Well… that is what this post is all about. I’m going to cut through all the basic stuff and get to all the cool stuff. So, without further ado… here are the…!!!
Management Metrics You NEED To Be Using
During the webinar, we talked a lot about “basic code” metrics versus “source code” metrics. Basic coding, as in programming, are the zeros and ones. The source code in metrics, give numbers true meaning. Typically, they are useful combinations of various metrics that allows for:
Action, is the most important part. Many times in management metrics, we get a number and the action is: “Be more productive.” “Make your patients arrive on time.” “Stop being stressed out!”
Not very useful.
Here are metrics that are:
1. Revenue Per Patient Per Provider
Average RPP/Provider (clinician, therapist, etc) is one of the best ways of not only finding out how much money you are making as a whole, but drilling down a bit to see who your performers are in the clinic. Now, this is typically done via units. However, the real truth is in how much of what you bill for is actually collected. And, it is THIS number that will help devise actionable strategies. Perhaps a provider is missing some key elements in the treatment plans; perhaps it is something to do with billing codes and documentation; whatever it is, this is the first step to drill down good performance, bad performance, opportunities, and areas requiring change.

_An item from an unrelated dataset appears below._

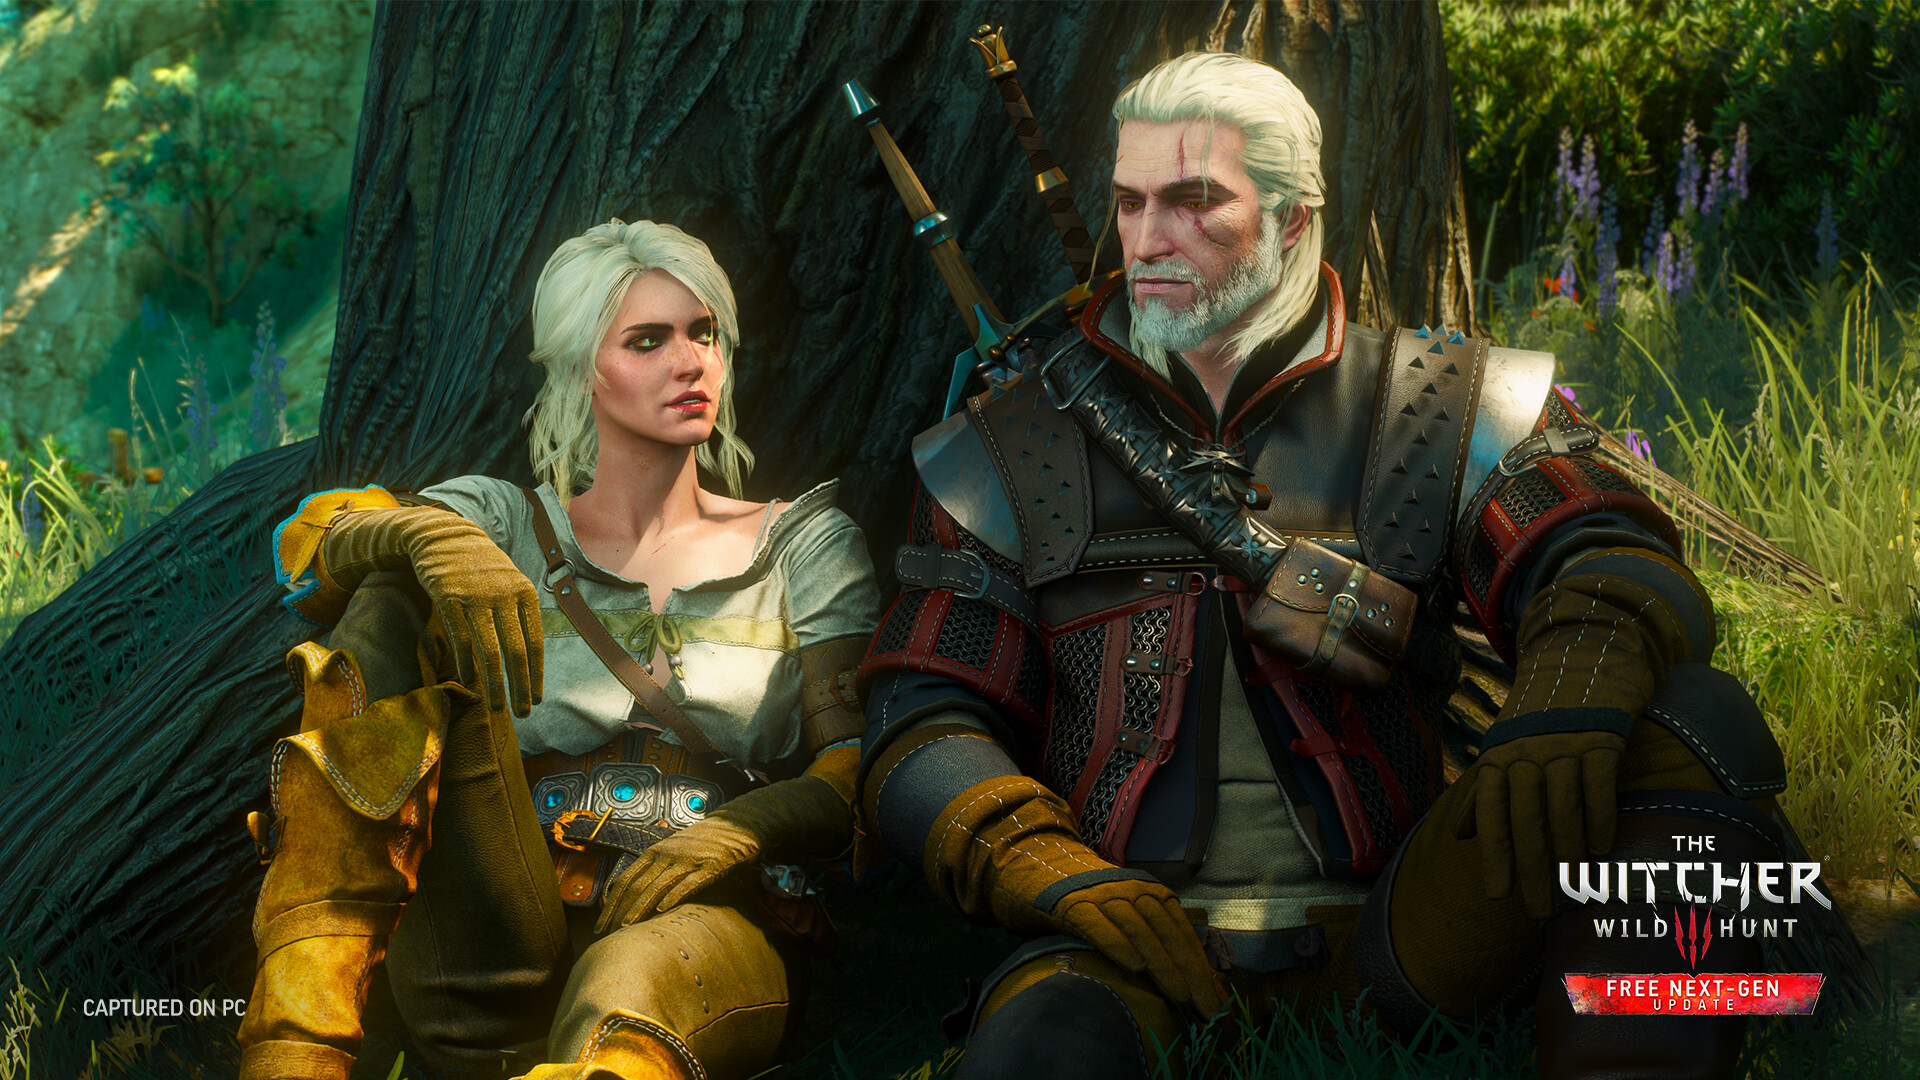 Nearly Half of CD Projekt Now Working on The Witcher 4 - IGN

2. Revenue Per Patient Per Payer
Average RPP/Payer is big deal. This helps comprise an at a glance profit pool, which we will talk about momentarily. Tracking how much you’re getting from which revenue sources is a great way of analyzing what is actually worth your time in marketing and servicing. It may even change how you operate at the local and regional levels. Also, just because rates are changing doesn’t mean that the money is changing where you think it may be. I shared in the webinar that one of the sources to which I analyzed, despite having great reimbursement, still costed my program too much money to actually service so in the end, it was a wash.
3. Churn Per Lead Source
LEAD SOURCE. Not “referral source.” Lead sources are the first step in analyzing the behaviors of how a marketing strategy is unfolding. Various lead sources tend to have trends in customer behaviors. I’m sure you’ve noticed it before: Patients coming to you from a surgical lead always has “….” Or, patients lead to you from a certain medical group typically expects “….” Whatever that may be, you need to fully appreciate their course of care behaviors. Are they habitually on time? Or, are they habitually canceling, rescheduling, or even no-showing on the appointment day? The data from such an analysis empowers you to dig a little deeper in to why people are behaving a certain way, expecting a certain thing, and what to do about it up the chain… that way, by the time they get to you, they are set up for success. Oh! By the way, one of the biggest lead sources should be YOU & your digital footprint. It is the only lead source you 100% control!
4. Contribution Margin Per Patient Type Per Provider
Building on average revenue per patient, consider the contribution (or, profit) margin per patient TYPE, per provider. Everyone has a favorite. In physical therapy, this is not an exception. Some people love treating the spine, others the shoulder, and yet others, the foot. So, what is the financial consequence of this? Are your spine specialists returning a handsome profit? Or, is it that your generalist seems to be making the biggest financial contribution, despite not having a “favorite” body part? By adding the additional layer of analyzing money coming in and mixing that up with which patient type, you can identify true champions. You can also add more depth to this metric by parametrically comparing against lead source, payer source, and even clinic location. This, is where metrics get fun 😉
5. Profit Pool Analysis
While a Profit Pool Analysis is a bit exhaustive, it is exceptionally meaningful at high levels of management. A profit pool analysis essentially is a breakdown of your operational activities as they are pertained to revenue activities. Revenue activities isn’t just “physical therapy.” It means every single activity you do, to make money. This can be broken up into PT v PTA v Aides. This can also be broken up into billing codes. It can be globalized into clinic location. The reason the profit pool is so important is that it highlights where you are actually making money compared to your operations. It also highlights your winners, losers, and opportunities of interest. In fact, it was through using a Profit Pool Analysis that I discovered the opportunities I capitalized on to change a failing program into a region leading one in just one quarter.
Metrics are important. They tell us what is, and, what isn’t. The results, aren’t always easy to face. However, what is worse is this: The same metrics used leads to the same results happening.
If you want NEW results, you must use MEANINGFUL metrics.
These are five highlighted meaningful metrics. There are a bunch more. In management, it’s not important to use every possible metric available. What is important, is to use the ones that matter most.